Exosome Proteomics to Detect EPO

September 24, 2019 updated by: Morten Hostrup, PhD

Exosome Proteomics to Detect Eyrthropoietin (EPO) Use in Athletes

The role of exosomes in cell signalling has only recently been appreciated and is a hugely exciting and rapidly growing area, and combined with LC-MS/MS proteomics, can overcome traditional barriers to proteomics in doping applications. To our knowledge, no research has yet been undertaken to explore whether the highly promising combination of exosome proteomics has utility for rhEPO detection. The applications are extensive; the diagnostic value of differentially regulated proteins could be further validated against the existing IEF EPO WADA accredited tests using samples collected during this study, used to study altitude hypoxia versus exogenous EPO administration (WADA current targeted research 2017), investigated as a platform approach to ESA and HIF agents more generally, as well as facilitate development of direct ELISA high throughput tests.

Study Overview

Status

Unknown

Conditions

Intervention / Treatment

Study Type

Interventional

Enrollment (Anticipated)

72

Phase

  • Not Applicable

Contacts and Locations

This section provides the contact details for those conducting the study, and information on where this study is being conducted.

Study Locations

  • Denmark
      • Copenhagen, Denmark
        • Recruiting
        • August Krogh Building

Participation Criteria

Researchers look for people who fit a certain description, called eligibility criteria. Some examples of these criteria are a person's general health condition or prior treatments.

Eligibility Criteria

Ages Eligible for Study

18 years to 45 years (ADULT)

Accepts Healthy Volunteers

Yes

Genders Eligible for Study

All

Description

Inclusion Criteria:

  • VO2max of at least 55+/-2 for men and 50+/-2 for women
  • BMI between 18 and 27
  • Resting hematocrit of less than 46%

Exclusion Criteria:

  • Chronic disease deemed by the medical doctor to affect the outcome
  • Competitive athlete subject to doping control
  • Use of other prescription medicine deemed by the medical doctor to interact with the study drug
  • Allergy or otherwise unacceptable side effects toward the study drug
  • Smoker
  • Pregnancy

Study Plan

This section provides details of the study plan, including how the study is designed and what the study is measuring.
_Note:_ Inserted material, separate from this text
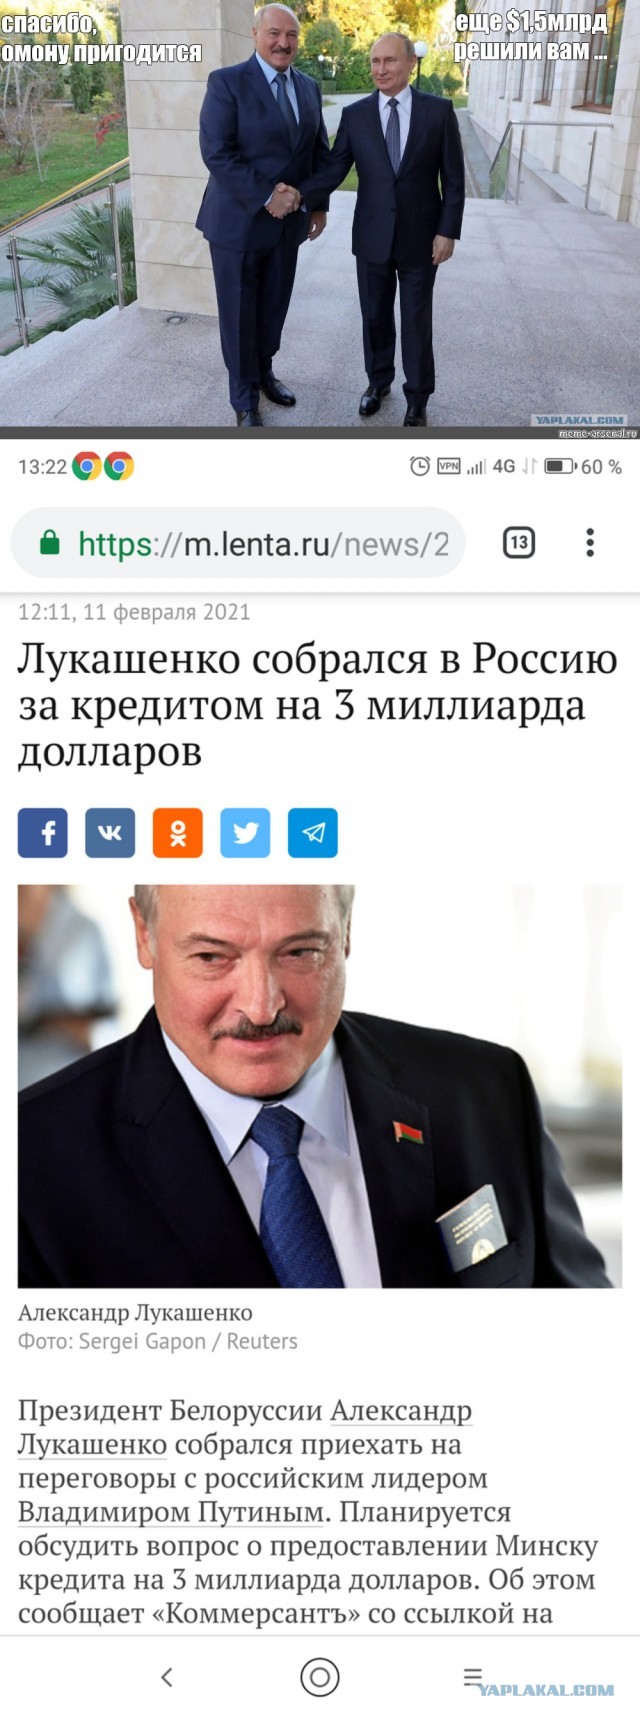 Появляются подробности будущей встречи Лукашенко и Путина: «Кредит от $3 млрд»

How is the study designed?

Design Details

  • Primary Purpose: BASIC_SCIENCE
  • Allocation: RANDOMIZED
  • Interventional Model: PARALLEL
  • Masking: TRIPLE

Arms and Interventions

Participant Group / Arm
Intervention / Treatment
PLACEBO_COMPARATOR: Placebo
Saline infusion
Drug: Placebo
Subjects receive weekly infusions of saline
EXPERIMENTAL: EPO
Erythropoetin infusion (9 IU/kg)
Drug: Erythropoietin
Subjects receive weekly infusions of EPO
EXPERIMENTAL: EPO II
Erythropoetin infusion (20 IU/kg)
Drug: Erythropoietin
Subjects receive weekly infusions of EPO

What is the study measuring?

Primary Outcome Measures

Outcome Measure
Measure Description
Time Frame
Blood proteome enrichment pathway analysis in GO annotation
Time Frame: At baseline and after week 3 of treatment
Change in enrichment (measured in blood and assessed using GO annotation)
At baseline and after week 3 of treatment

Secondary Outcome Measures

Outcome Measure
Measure Description
Time Frame
Blood markers of iron
Time Frame: At baseline and after week 3 of treatment
Change in blood markers of iron homeostasis
At baseline and after week 3 of treatment

Collaborators and Investigators

This is where you will find people and organizations involved with this study.

Sponsor

Morten Hostrup, PhD

Collaborators

University of Tasmania

Study record dates

These dates track the progress of study record and summary results submissions to ClinicalTrials.gov. Study records and reported results are reviewed by the National Library of Medicine (NLM) to make sure they meet specific quality control standards before being posted on the public website.

Study Major Dates

Study Start (ACTUAL)

September 4, 2019

Primary Completion (ANTICIPATED)

October 15, 2020

Study Completion (ANTICIPATED)

October 15, 2020

Study Registration Dates

First Submitted

September 27, 2018

First Submitted That Met QC Criteria

October 5, 2018

First Posted (ACTUAL)

October 9, 2018

Study Record Updates

Last Update Posted (ACTUAL)

September 25, 2019

Last Update Submitted That Met QC Criteria

September 24, 2019

Last Verified

September 1, 2019

More Information

Terms related to this study

Keywords

Additional Relevant MeSH Terms

Other Study ID Numbers

  • EPO-EXO

Plan for Individual participant data (IPD)

Plan to Share Individual Participant Data (IPD)?

UNDECIDED

Drug and device information, study documents

Studies a U.S. FDA-regulated drug product

No

Studies a U.S. FDA-regulated device product

No

product manufactured in and exported from the U.S.

No

This information was retrieved directly from the website clinicaltrials.gov without any changes. If you have any requests to change, remove or update your study details, please contact register@clinicaltrials.gov. As soon as a change is implemented on clinicaltrials.gov, this will be updated automatically on our website as well.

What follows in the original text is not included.